TO DO - Return all the data exactly, keeping the pictures out.

COLLECTED MATERIAL -
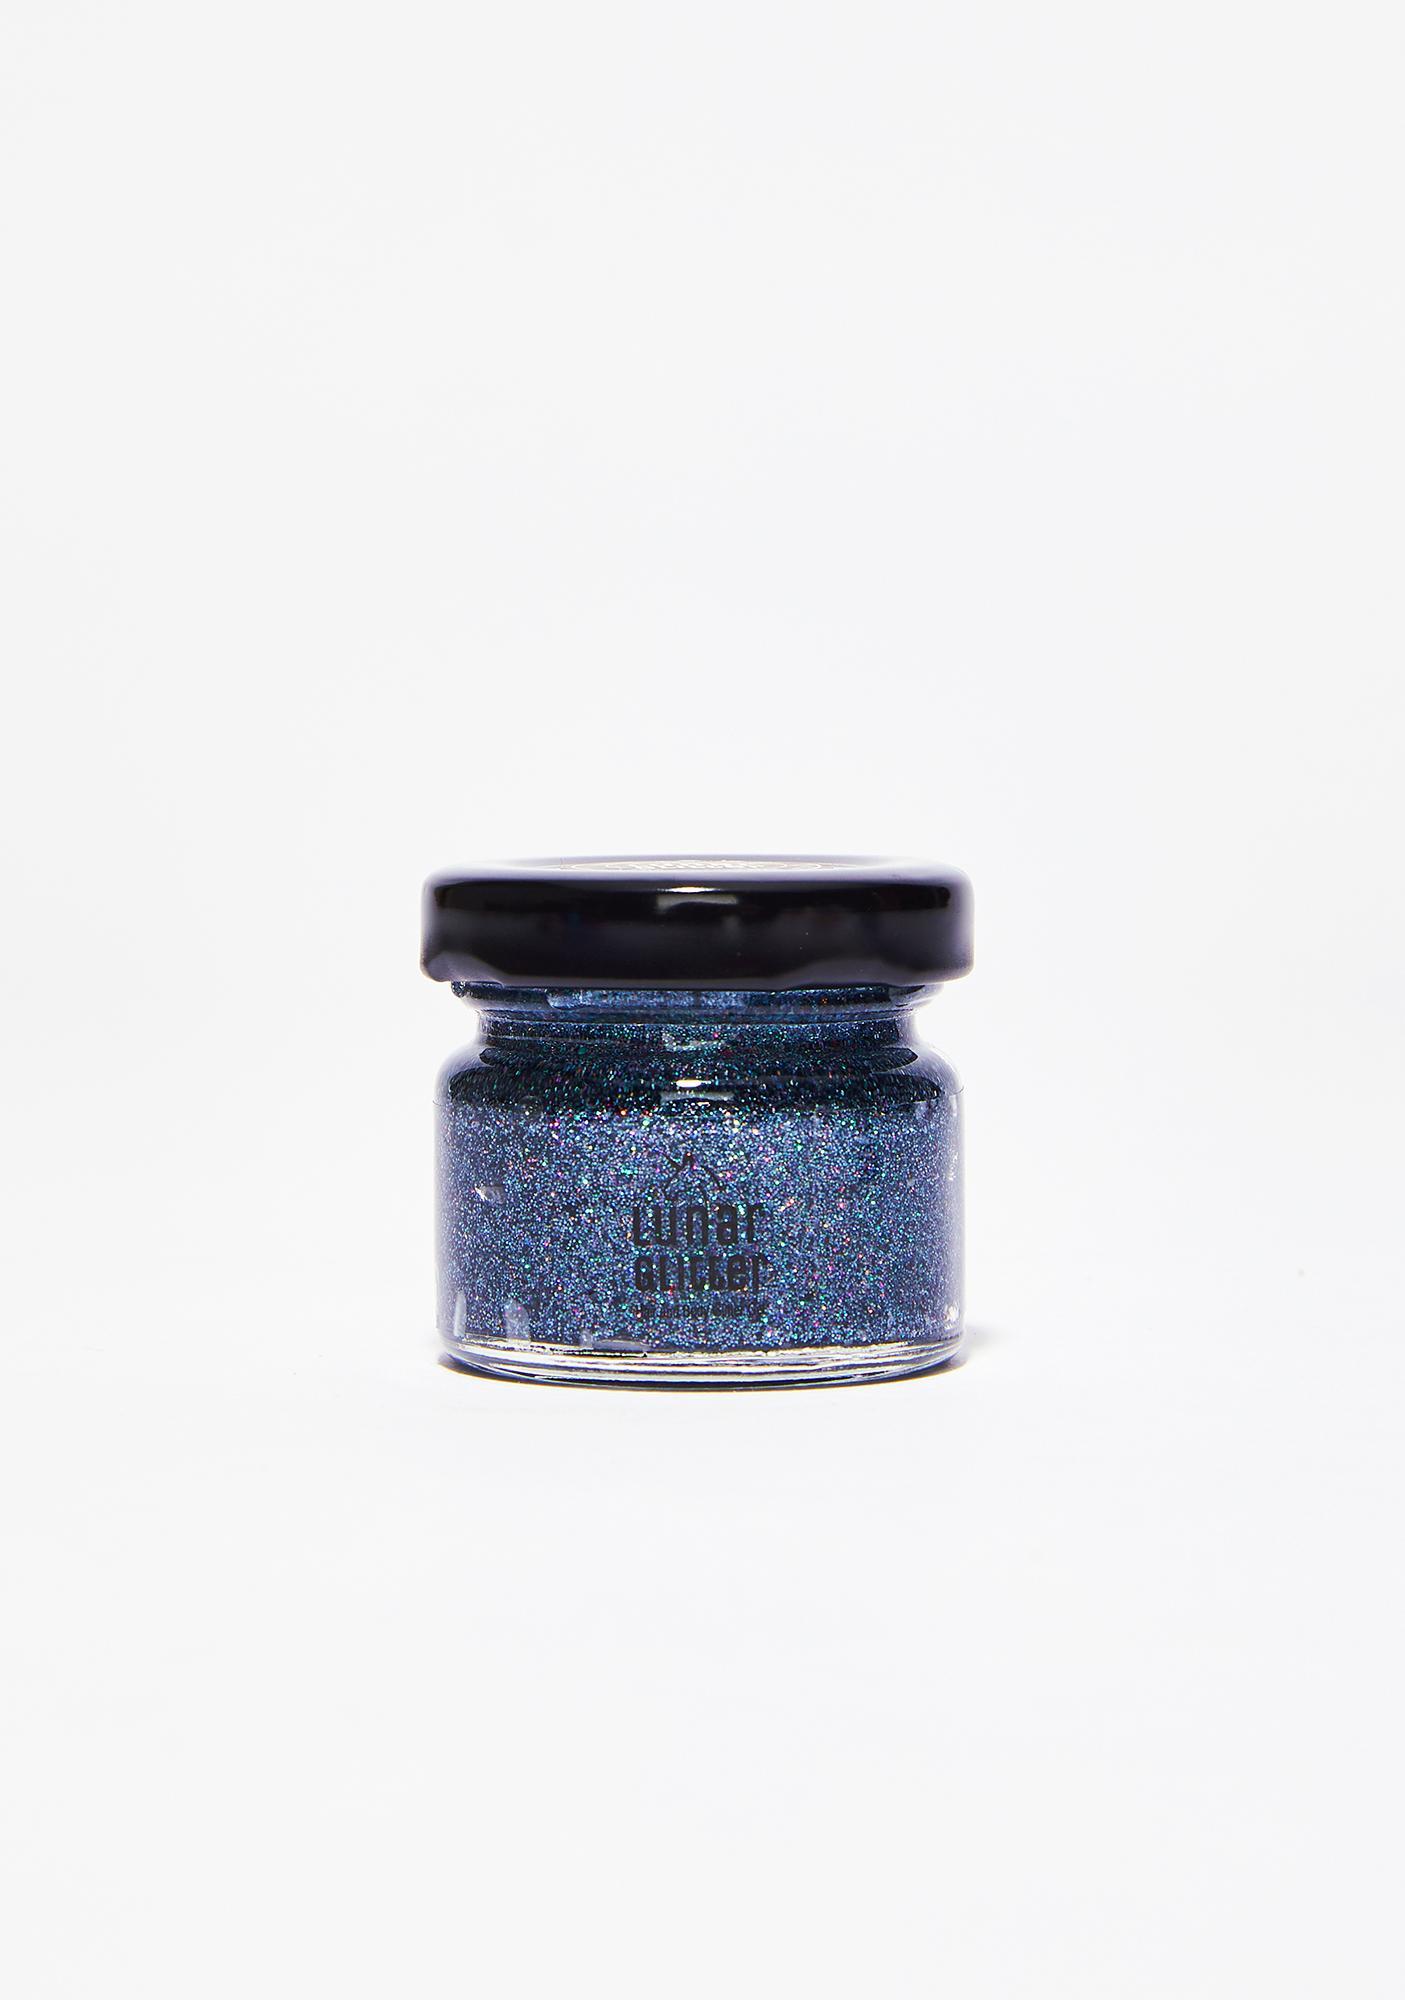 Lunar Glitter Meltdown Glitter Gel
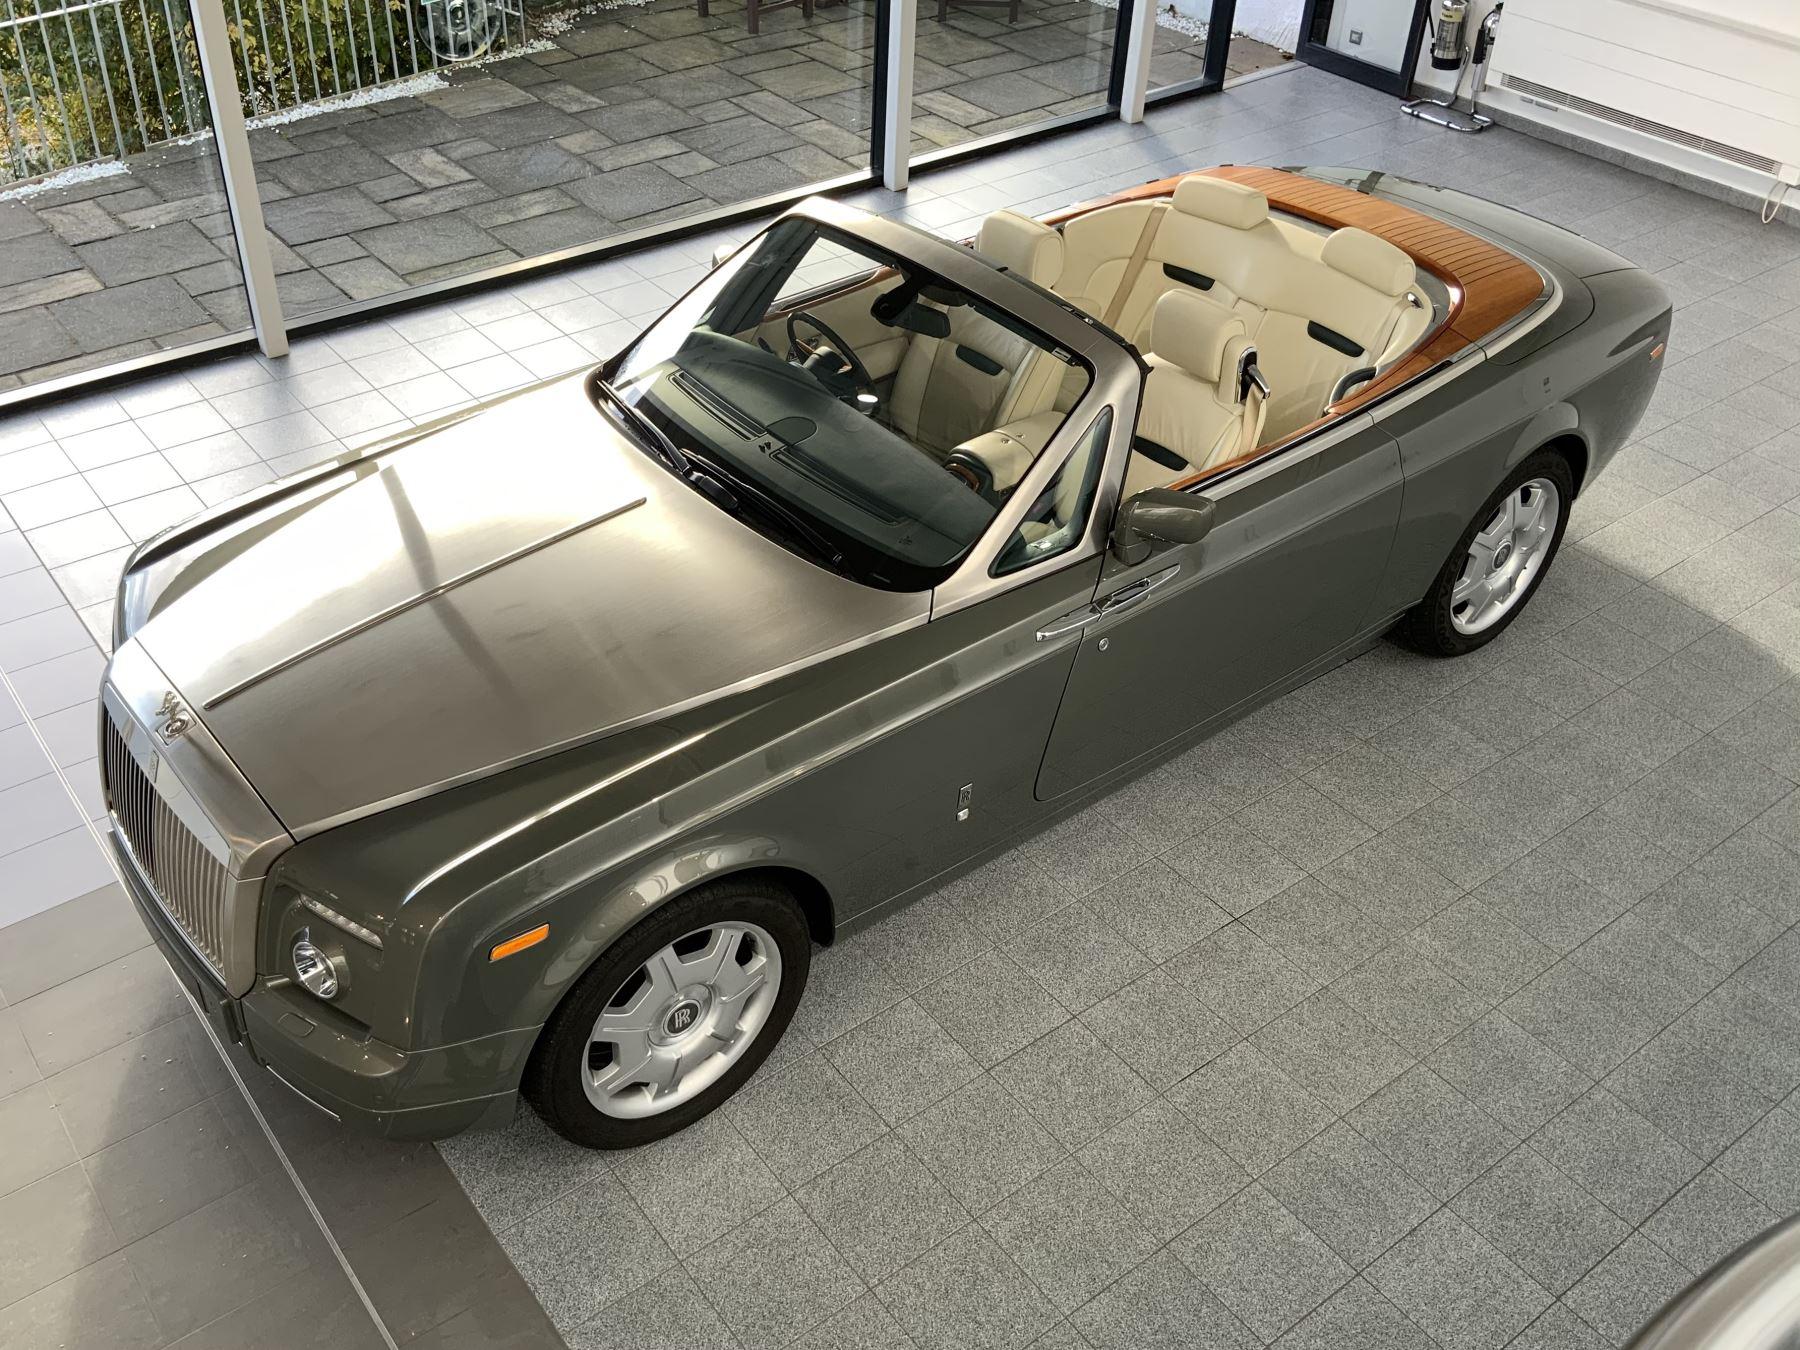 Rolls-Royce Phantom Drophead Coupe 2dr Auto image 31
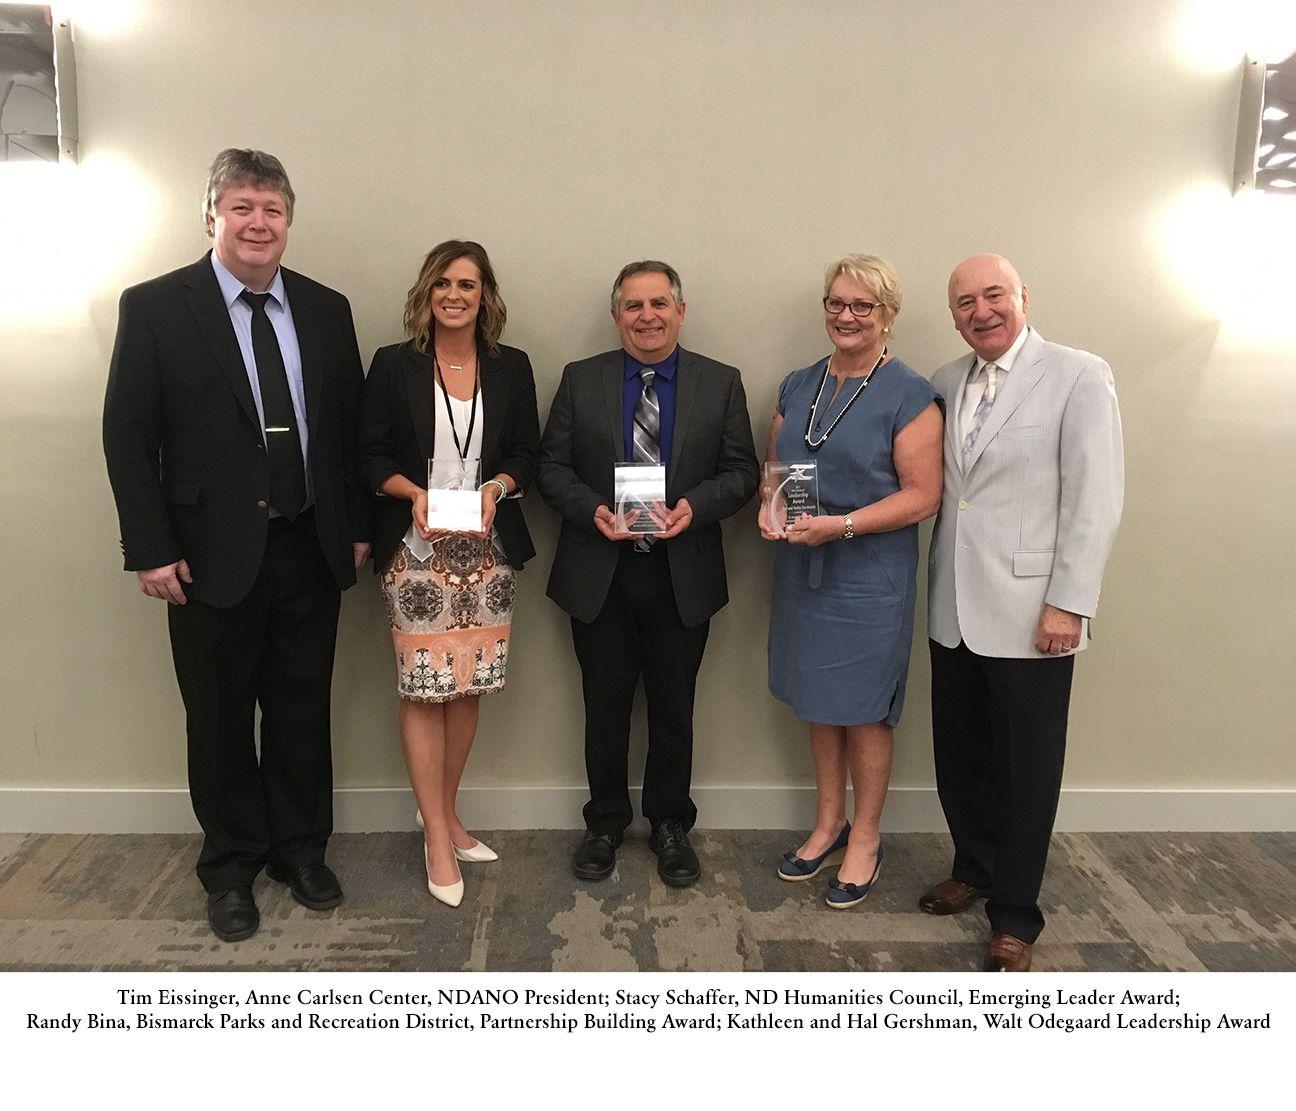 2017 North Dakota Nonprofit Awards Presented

RESPONSE AREA -
 Lunar Glitter Meltdown Glitter Gel
 Rolls-Royce Phantom Drophead Coupe 2dr Auto image 31
 2017 North Dakota Nonprofit Awards Presented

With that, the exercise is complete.